*THE DATA*
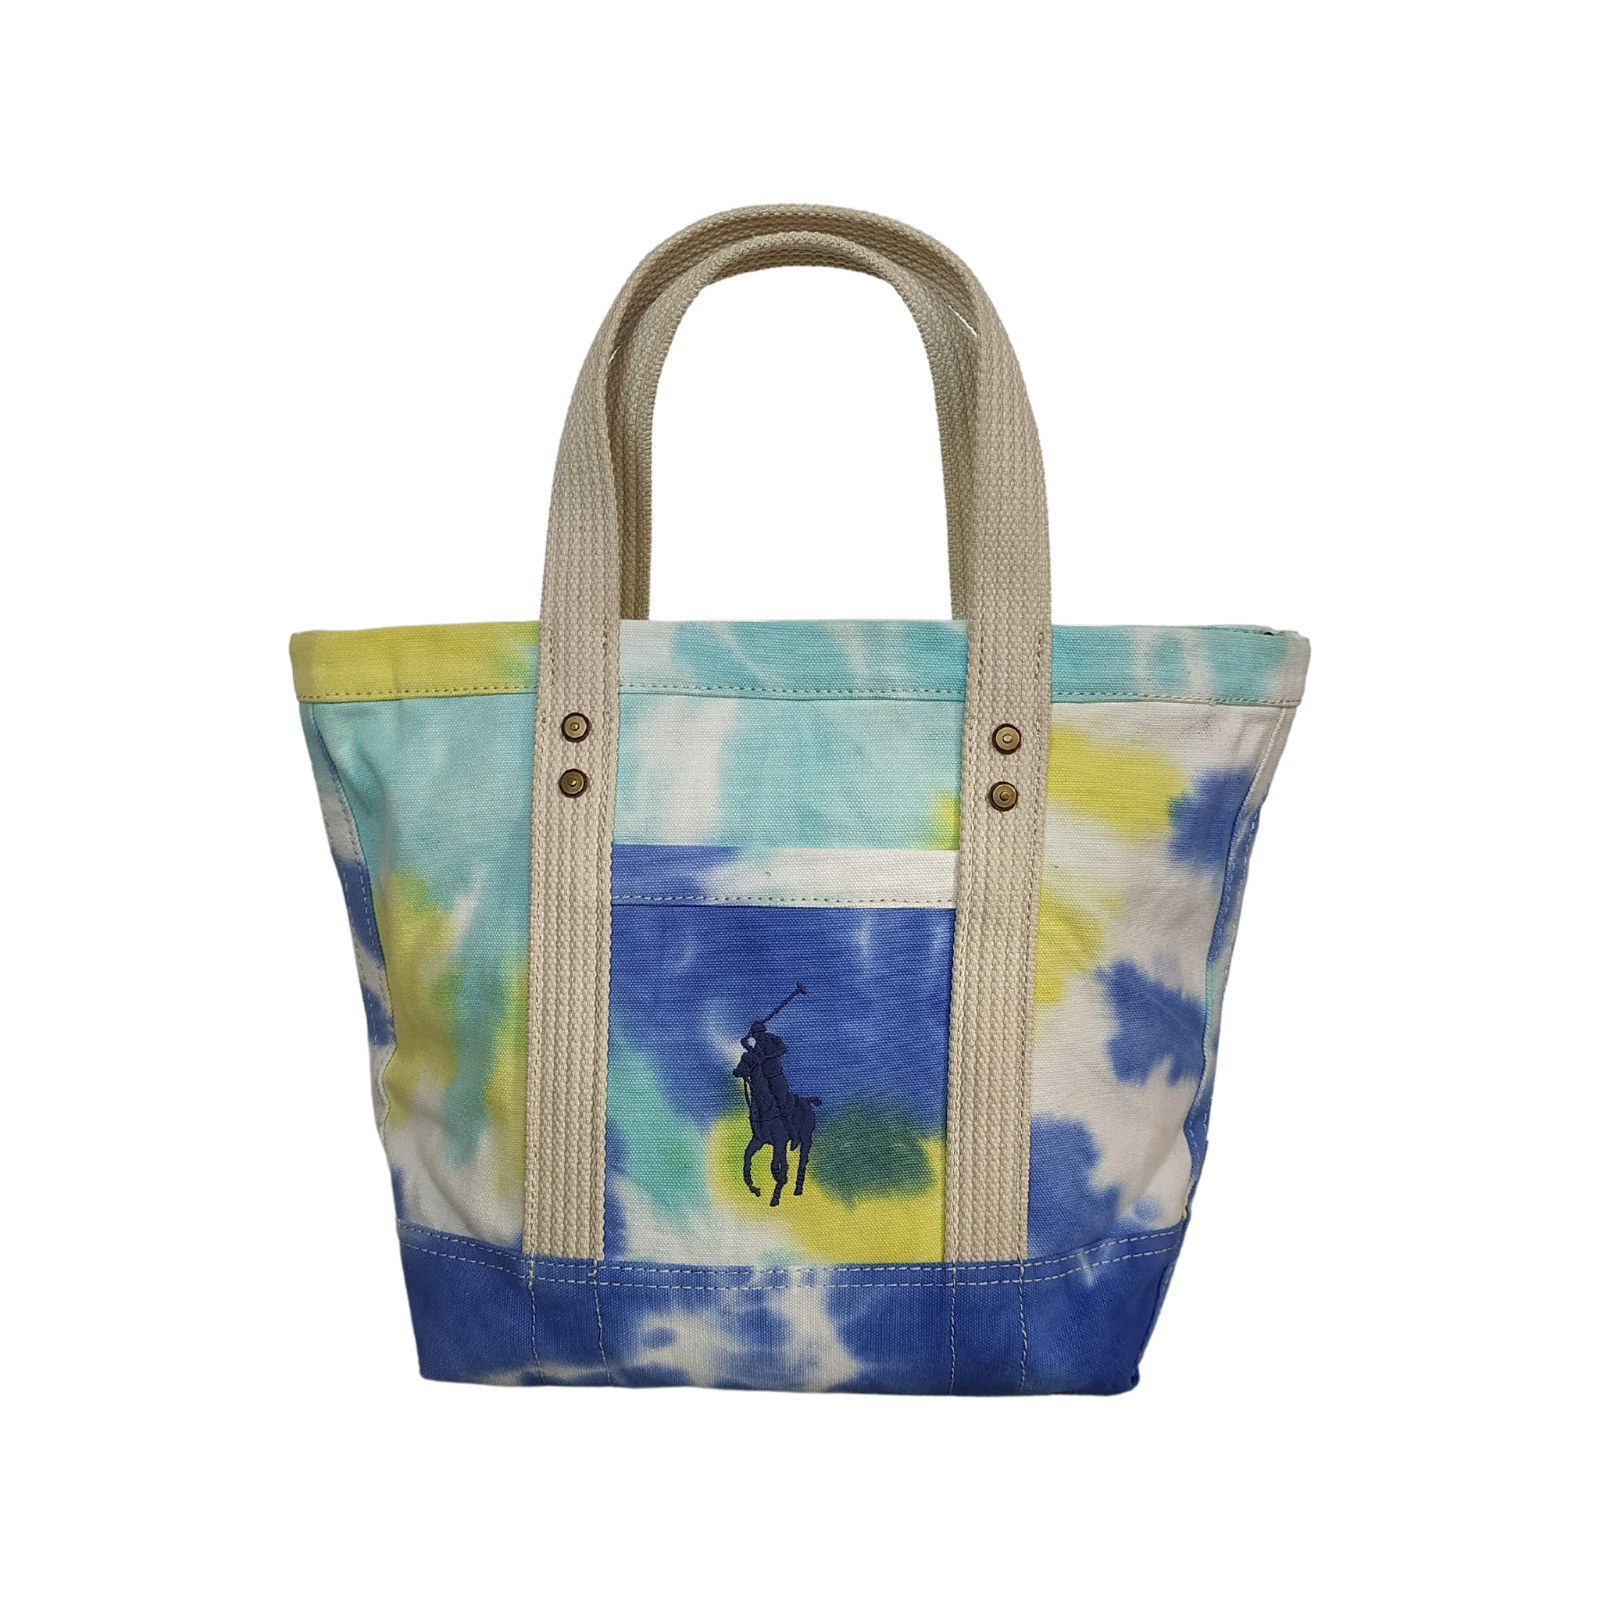 Primary image for Polo Ralph Lauren Canvas Tie-Dye Small Tote Bag $249 WORLDWIDE SHIPPING
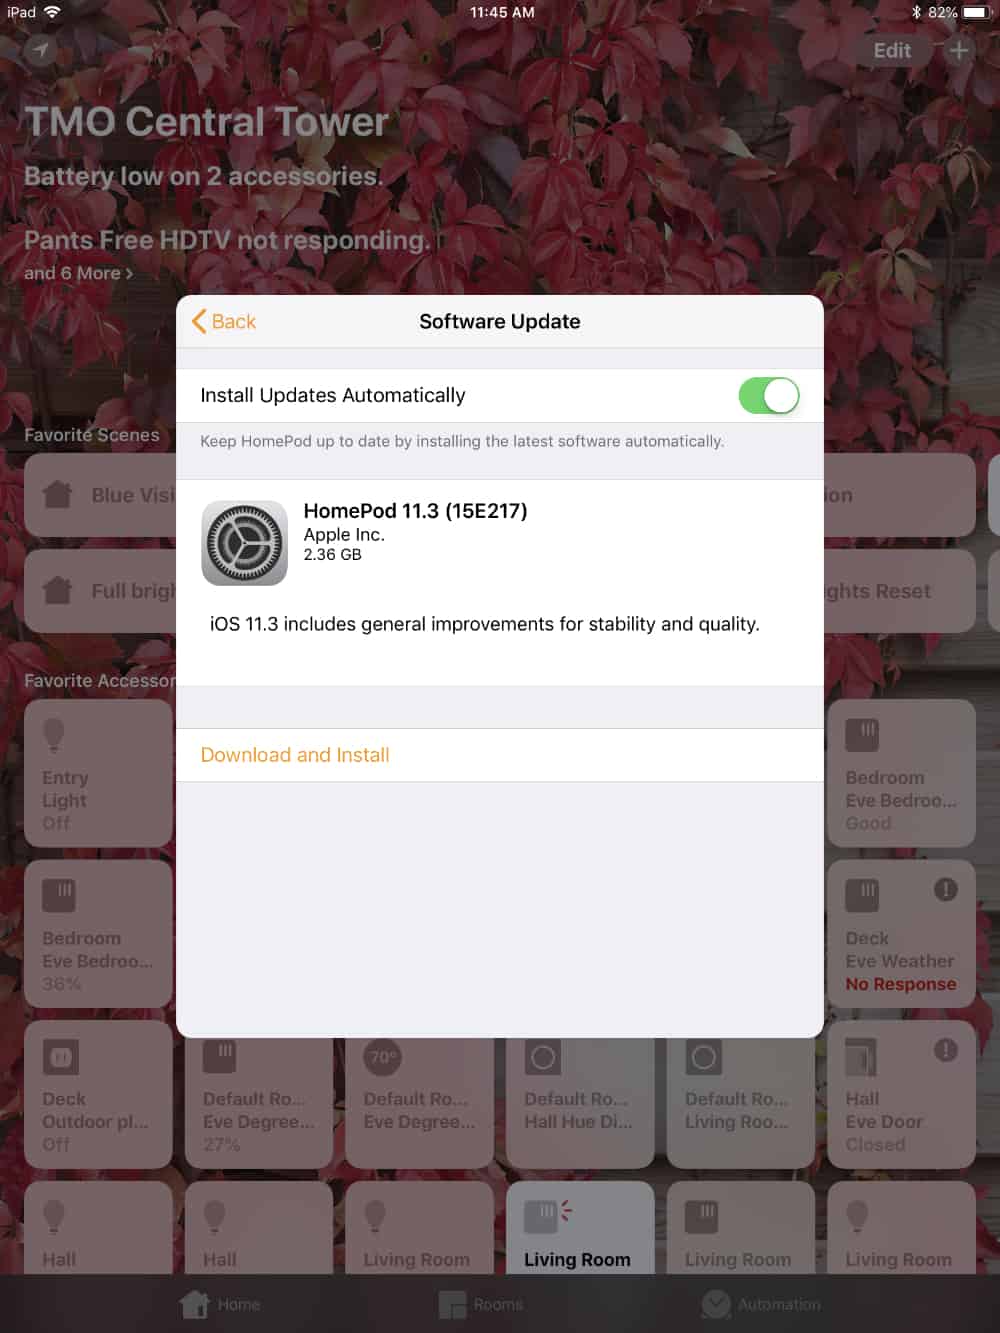 Download and install option for HomePod software update
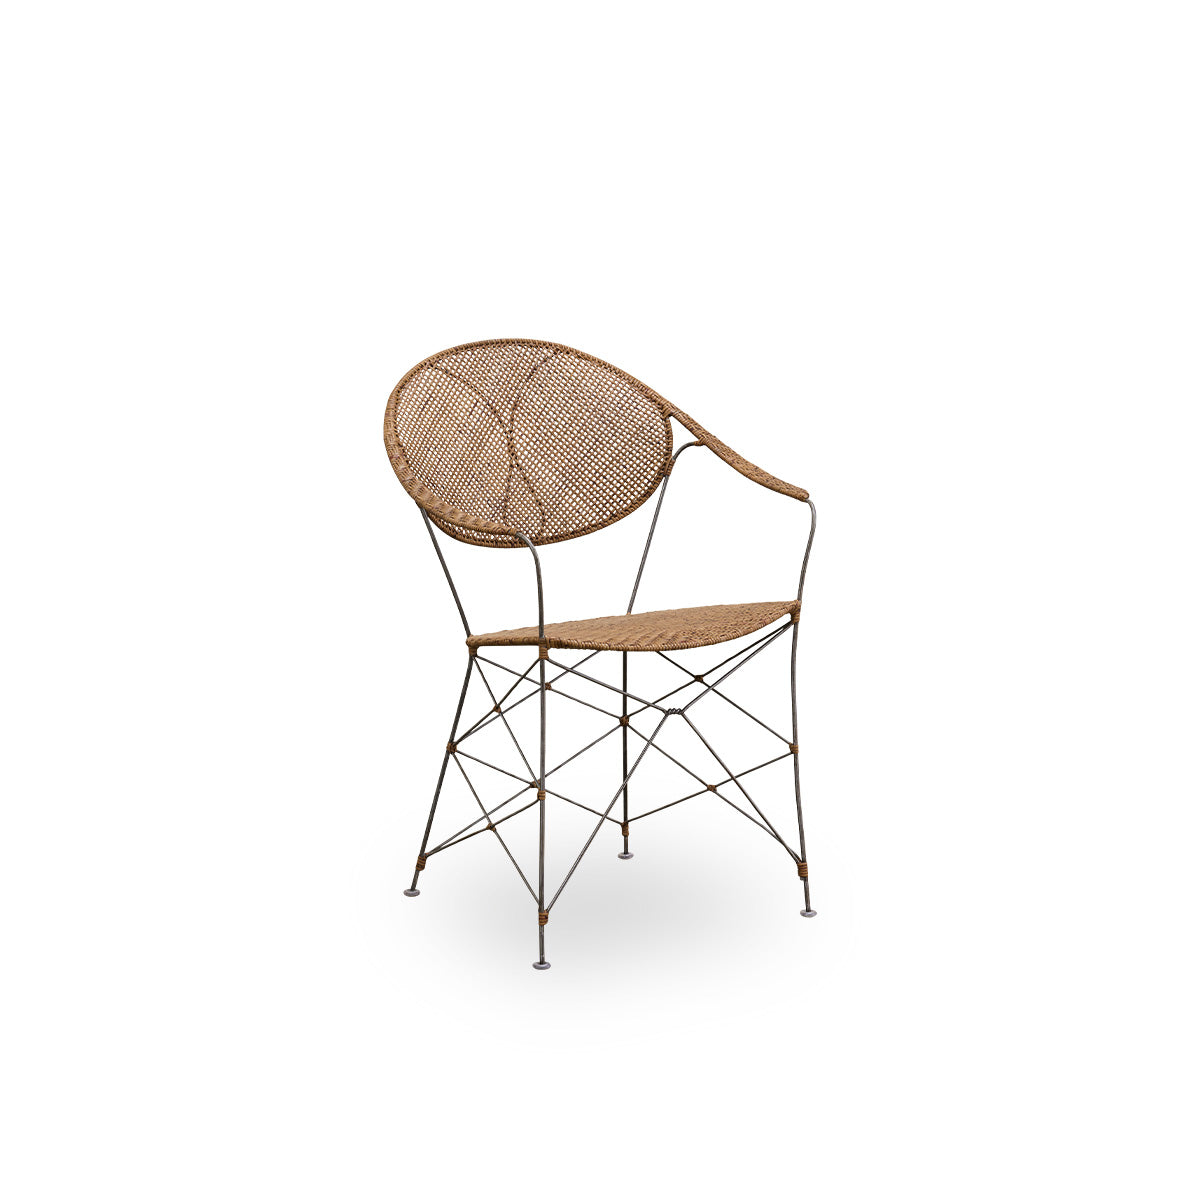 Funky Dining Chair by Sika

*YOUR GOAL*
What is needed is a verbatim copy of the lines from the line with "Download and install" through the last line of the listing, pictures excluded.

*SOLUTION TO THIS EXERCISE*
 Download and install option for HomePod software update
 Funky Dining Chair by Sika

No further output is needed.